Neighborhood residents may have been puzzled by the marquee at the Gramercy Theatre, which read simply “Orgy Thursday.” Inside the venue, however, the rock quintet only alluded to a sex party through veiled lyrics and gestures. Orgy performed five of the seven songs from the recent EP, plus eight songs from the band’s first two albums. Gordon sang, played the showman and energized the audience. While Gordon paced the stage incessantly and enthused the audience to raise hands and sing along, his own vocal ability proved to be encased within a limited range and tonality, suited better for rap than singing. The richness of the concert was in the marriage of musical sounds, particularly alternative metal, nu metal and best of all, its industrial references.


The Skins/Irving Plaza/January 7, 2016

Three siblings from Brooklyn, New York, along with two of their guitar-playing schoolmates from New York’s School of Rock, formed The Skins following a series of jam sessions in 2012. Bayli (vocals), Kaya (bass) and Reef (drums) McKeithan, along with guitarists Daisy Spencer and Russell Chell, were all under 21 years old at the time. Nevertheless, the band performed in local music venues, then graduated to touring and playing at summer festivals. The band’s one release so far is a 2012 self-titled EP.

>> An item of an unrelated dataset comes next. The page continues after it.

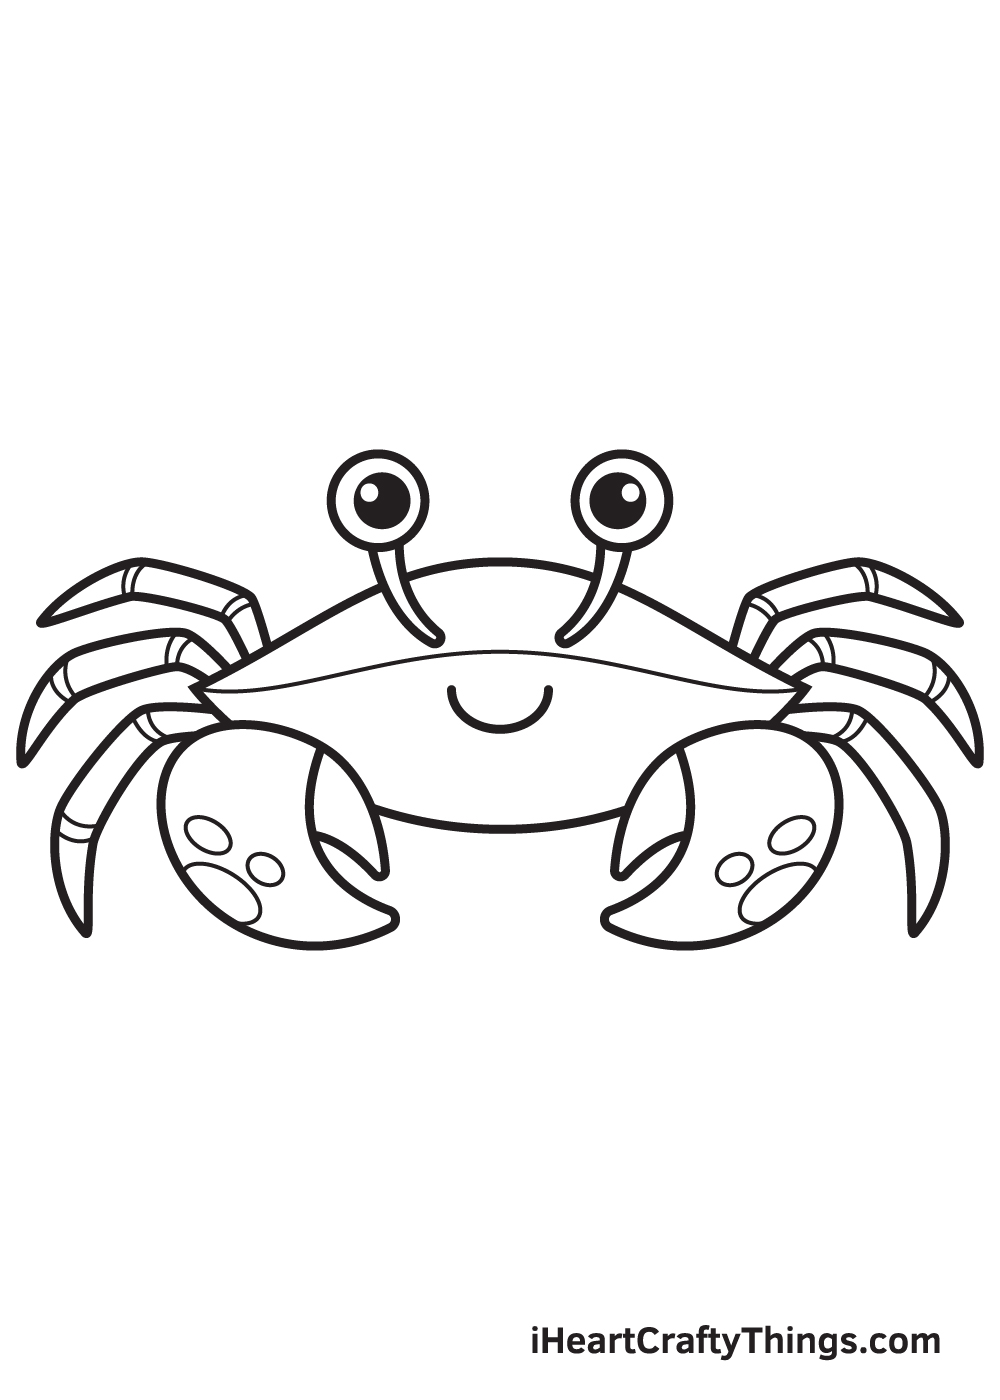 Crab Drawing – Step 9

At Irving Plaza, The Skins forged soulful vocals and pop melodies with hard rock instrumentation. The funk-based rhythm section dug a groove and the guitars ripped and soared. The hard, driving songs were tempered by Bayli’s simmering vocal approach, which slyly lent the songs a vibrant, sexy persona. The band was electric, but Bayli was the lightning. The five musicians may be youngsters, but The Skins rocked with alarming maturity.